Normally you'd set your charger to the max you want to charge the battery pack to as a whole to fill it (so far a 144V nominal LiFePo pack, say at 3.8V per cell when 'full' that would be 171V). 

In this scenario you're not really trying to fill the battery - just keep it topped up. So surely you'd set the charge max voltage to close to the NOMINAL pack voltage - that way this is very little risk of overcharging any single cell (you're pack would need to be WAY out of balance to so do).


----------



## algea07 (Oct 1, 2010)

Coulomb said:


> Usually, but only because a charger usually has a current limit built in. So with a cell at 3.0 V, you apply say a 20 A charger set to 4.0 V, and the charger immediately adjusts the voltage to say 3.02 V so that the current stays under 20 A. As the voltage of the cell rises, the output voltage of the charger rises, until it hits the limit you set of 4.0 V. At that point, the charger will be putting out little or no current, to maintain the cell at 4.0 V.

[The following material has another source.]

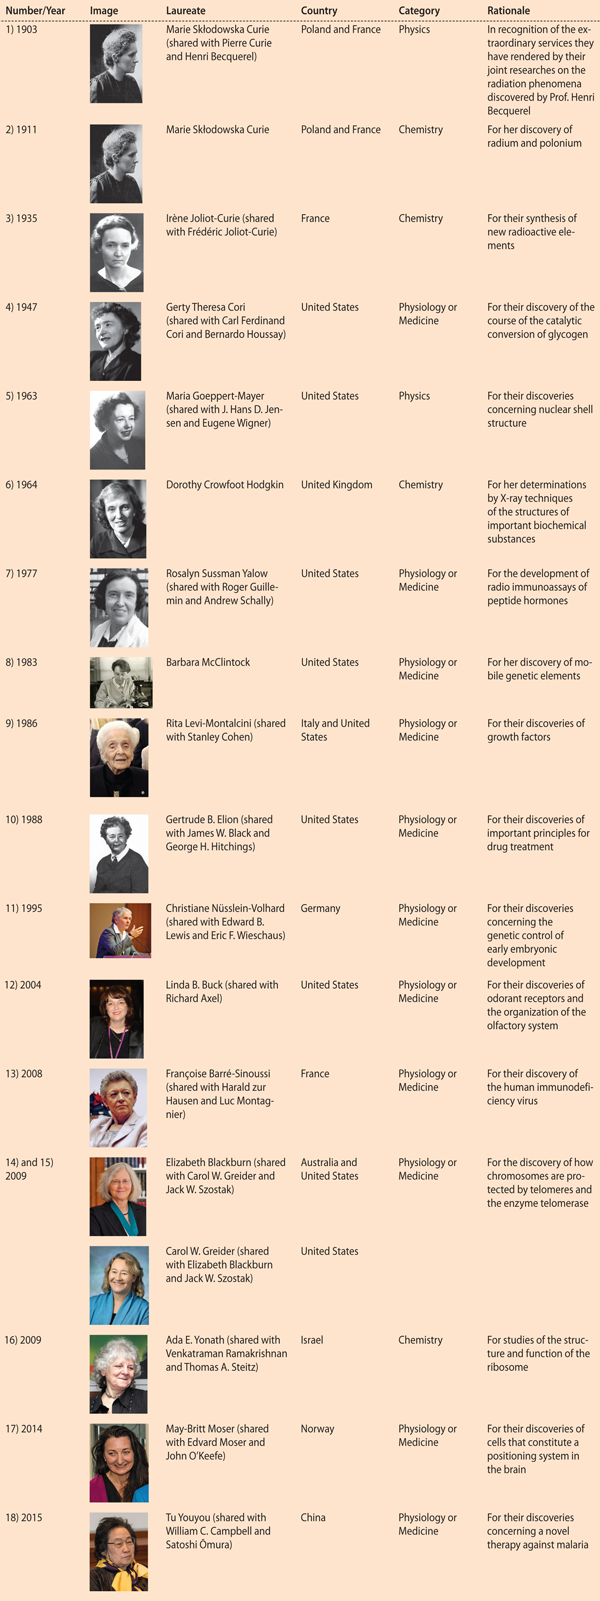 Table 1. Female Scientific Nobel Laureates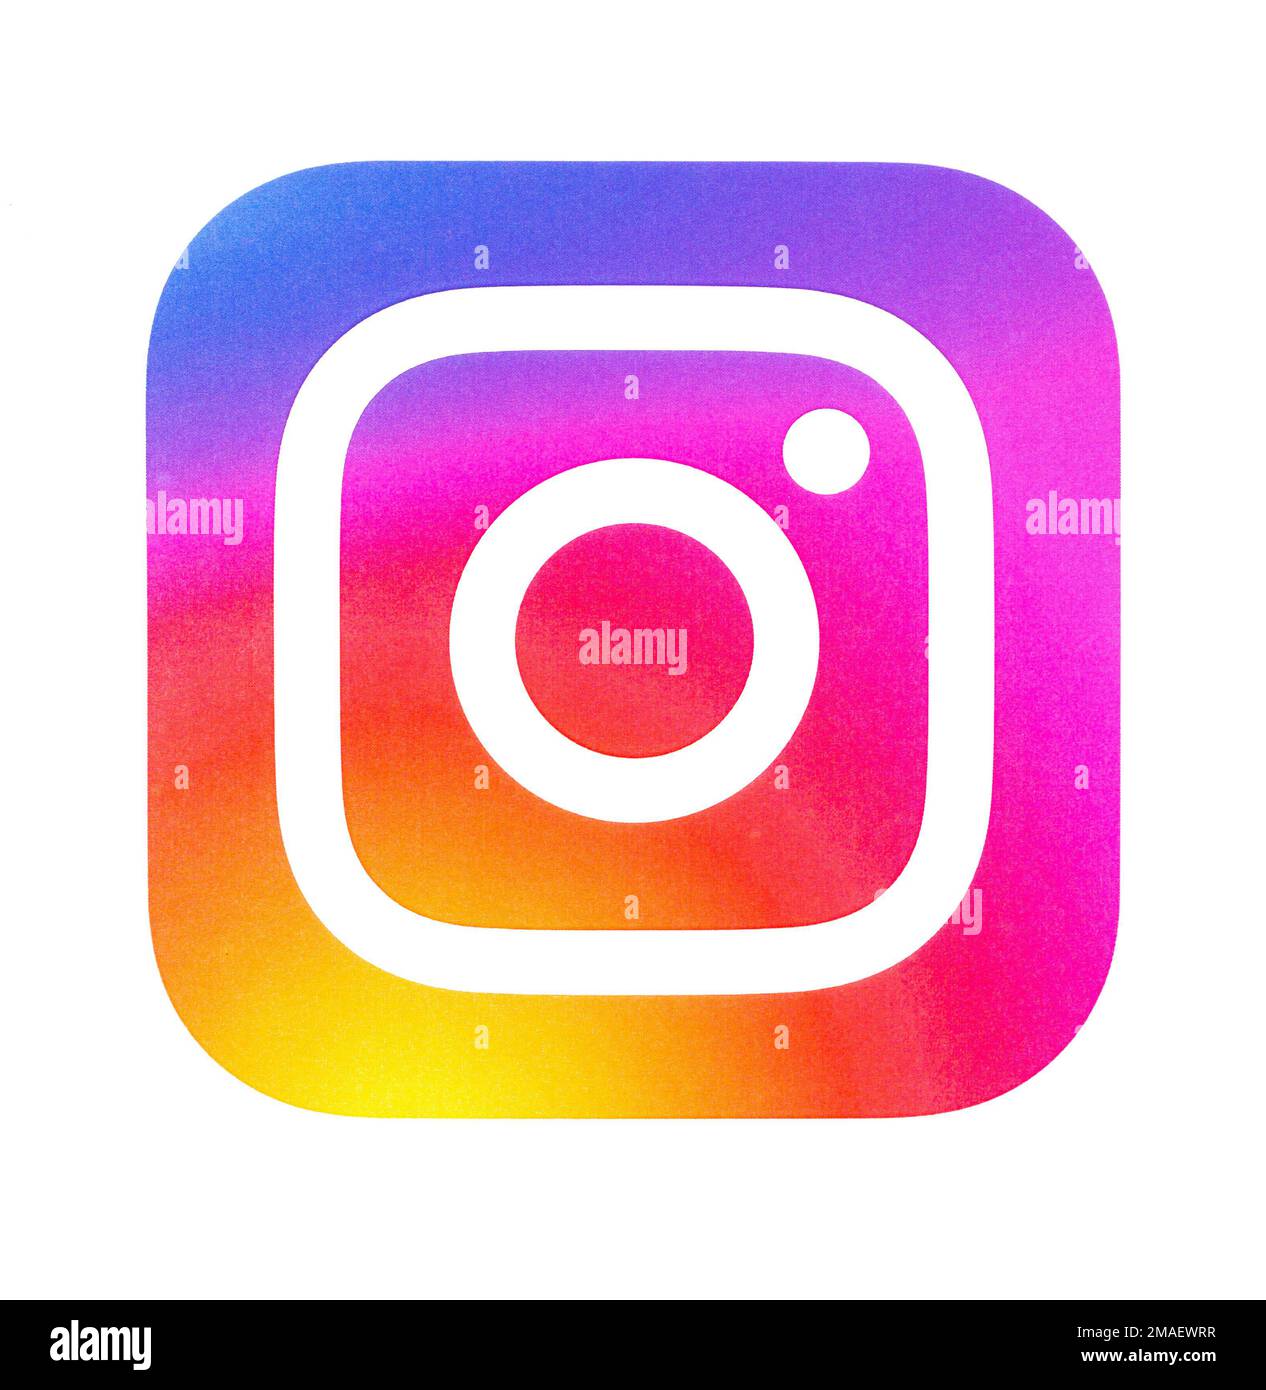 Chisinau, Moldova 19 settembre 2018: Nuovo logo Instagram stampato su carta bianca. Instagram è un servizio online di condivisione di foto e video per dispositivi mobili. Foto Stock

so really i should be talking in Kw not amps. so if i try and charge a 3v cell with 4v (and 20ish amps) the charge voltage will drop to (around) 3.2 and work its way up until the battery voltage reaches the charge voltage. So in a way the voltage will adjust to what i need it to be, to charge the batteries?



Coulomb said:


> For that, you'll need some sort of current limit. Fortunately, it should be pretty easy to set up a circuit that adjusts the field voltage of the alternator to maintain about the right current into the batteries.


I'm not very technically minded so what ever i come up with has to be fairly simple. the generator can only put out so much current, and i plan only use it while i drive when i can watch what is happening. as long as the battery voltage doesn't go to high the generator shouldn't produce enough current to do any damage right?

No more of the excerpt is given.